*** EXERCISE DATA ***
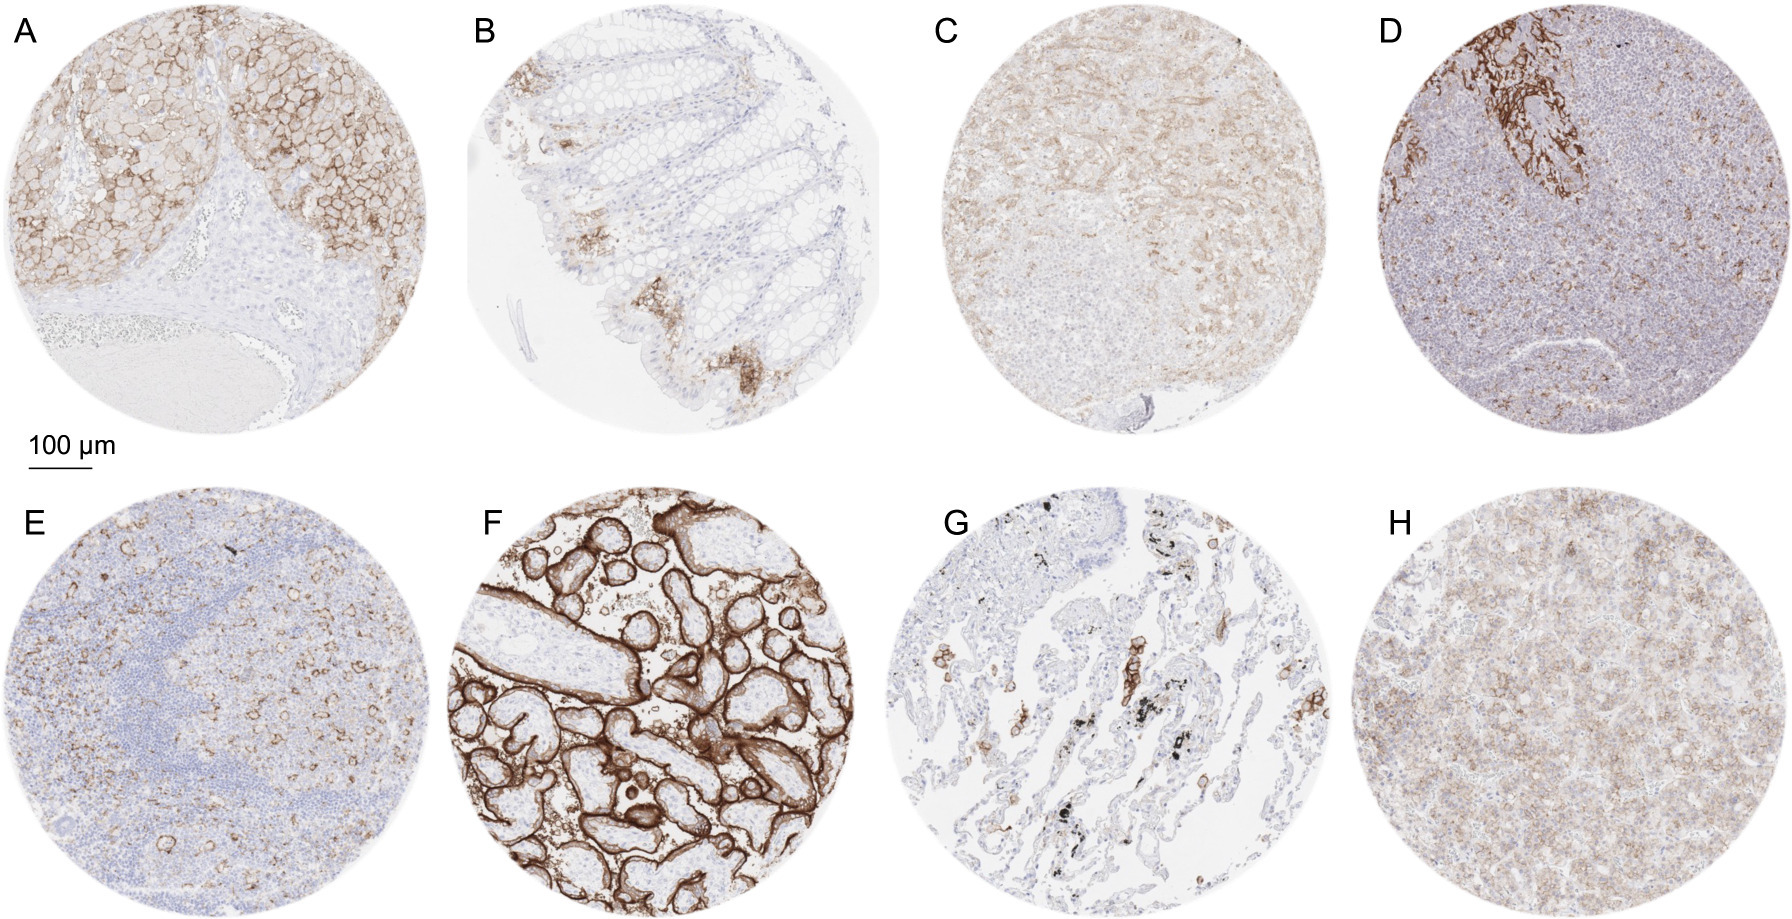 PD-L1 immunostaining of normal cells using MSVA-711R. The panels show a membranous PD-L1 positivity of Corpus luteum cells in the ovary (A), macrophages in colon epithelium (B), small (littoral) blood vessels in the spleen (C), a fraction of crypt epithelial cells and macrophages of the tonsil (D), dendritic cells and macrophages in a lymph node (E), surface membranes of the syncytiotrophoblast in the placenta (F), alveolar macrophages in the lung (G) and of a fraction of epithelial cells in the adenohypophysis.
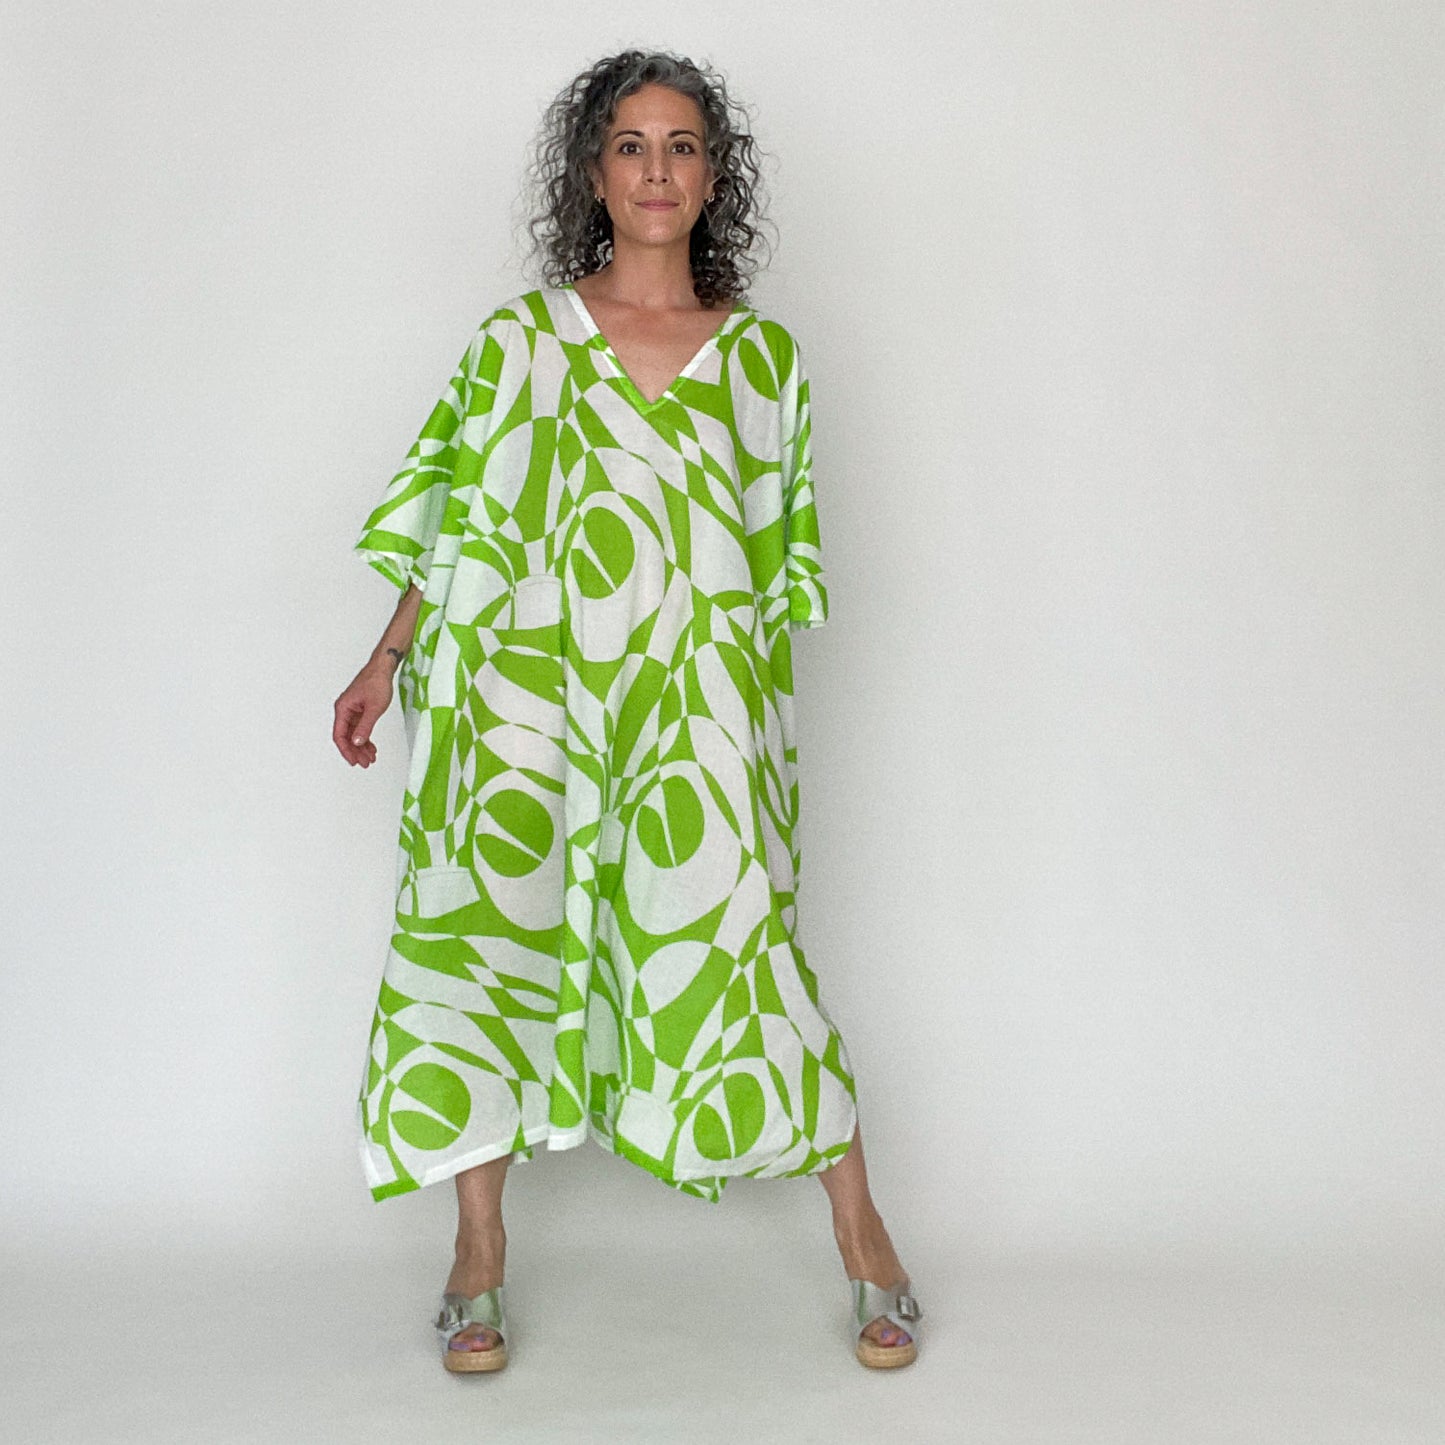 House of Lu Mae Caftan in Color Number 42 is a geometric print in a bright lime green and white. The fabric is a lightweight cotton lawn with a crisp drape. This caftan is absolutely perfect for the beach or for those hot summer days. Like a personal AC unit, Mae is guaranteed to keep you cool when the temps go up. 
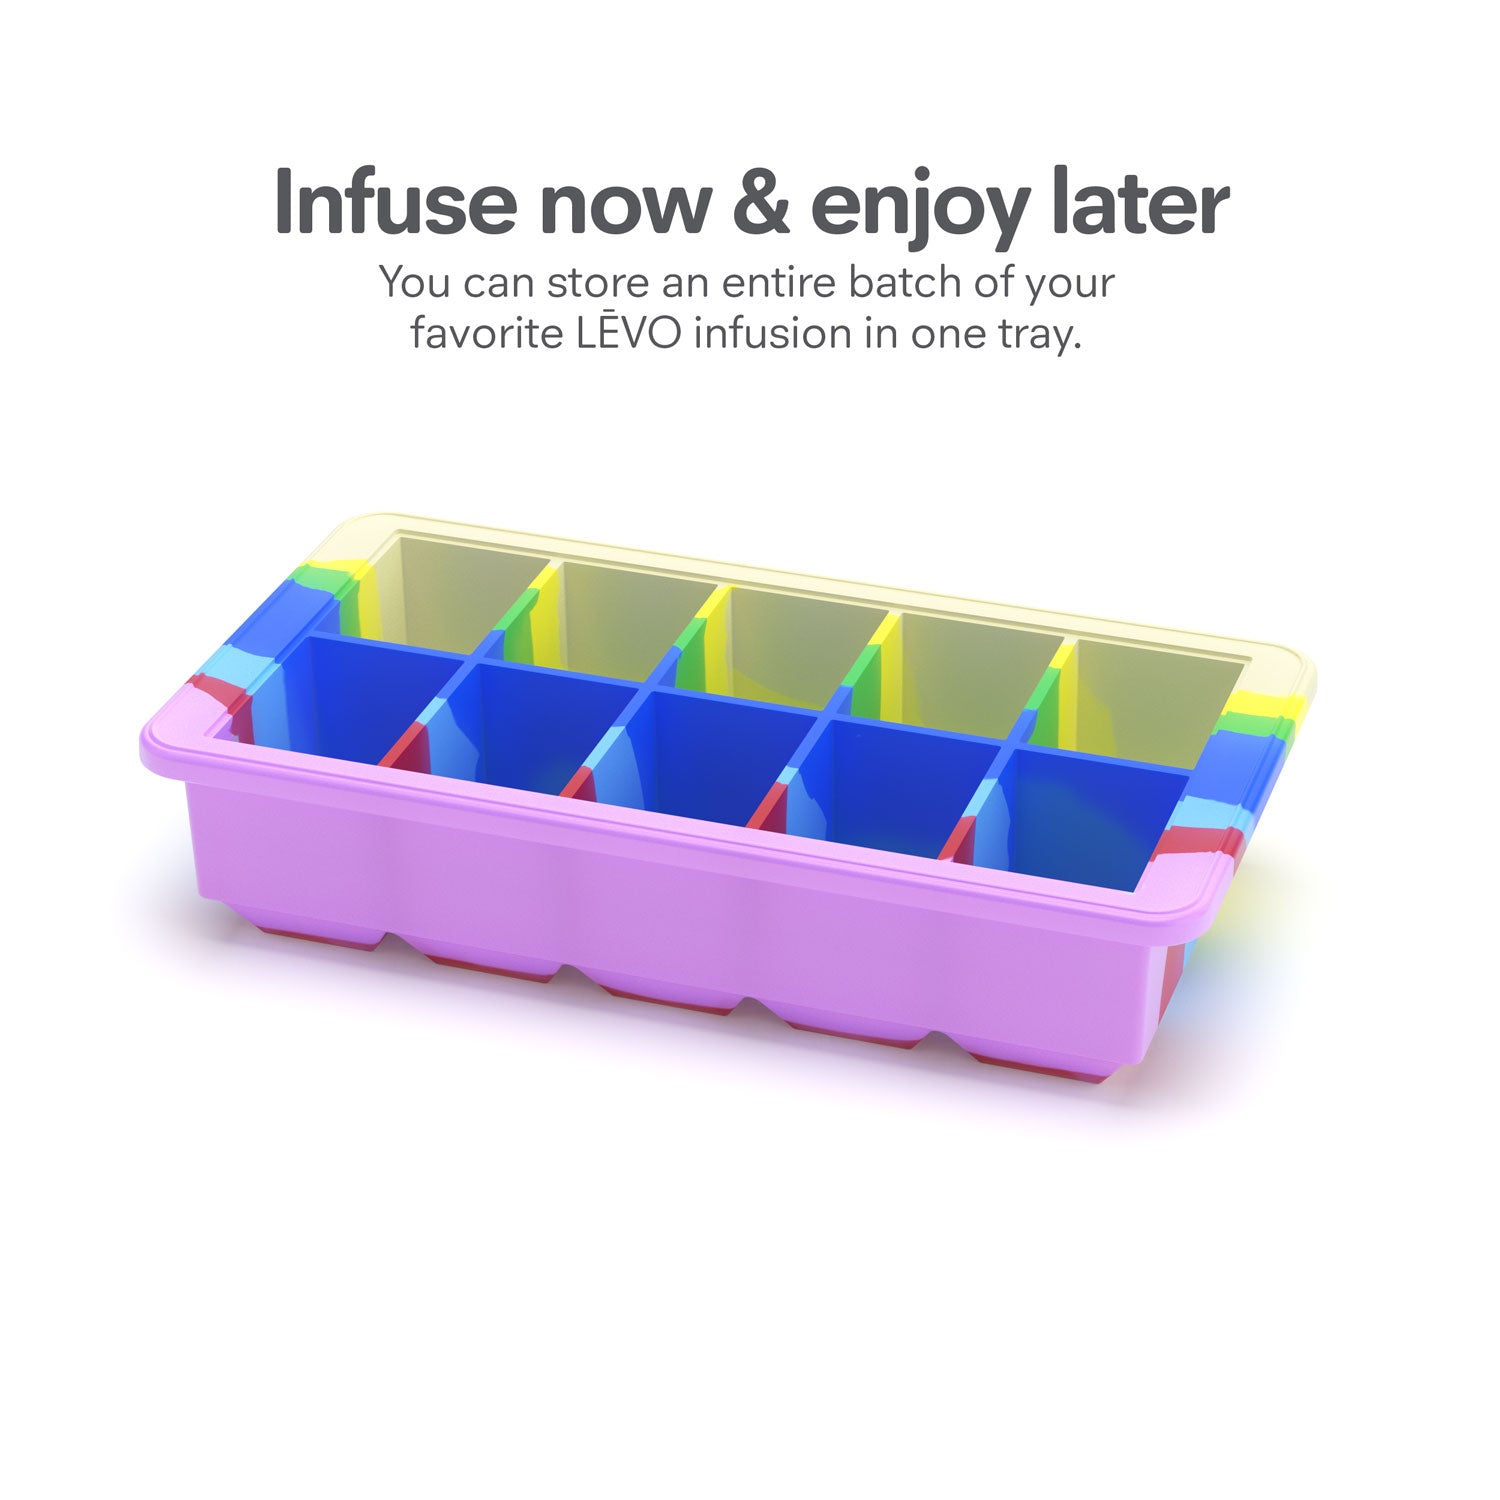 Infuse now and enjoy later. You can store an entire batch of your favorite LEVO infusion in one tray.
*** End of EXERCISE DATA ***
▶ [EXERCISE REQUIREMENTS] Please retype the listing in full, exactly as given, and skip every image.

▶ [REPLY TO THE TASK]
 PD-L1 immunostaining of normal cells using MSVA-711R. The panels show a membranous PD-L1 positivity of Corpus luteum cells in the ovary (A), macrophages in colon epithelium (B), small (littoral) blood vessels in the spleen (C), a fraction of crypt epithelial cells and macrophages of the tonsil (D), dendritic cells and macrophages in a lymph node (E), surface membranes of the syncytiotrophoblast in the placenta (F), alveolar macrophages in the lung (G) and of a fraction of epithelial cells in the adenohypophysis.
 House of Lu Mae Caftan in Color Number 42 is a geometric print in a bright lime green and white. The fabric is a lightweight cotton lawn with a crisp drape. This caftan is absolutely perfect for the beach or for those hot summer days. Like a personal AC unit, Mae is guaranteed to keep you cool when the temps go up. 
 Infuse now and enjoy later. You can store an entire batch of your favorite LEVO infusion in one tray.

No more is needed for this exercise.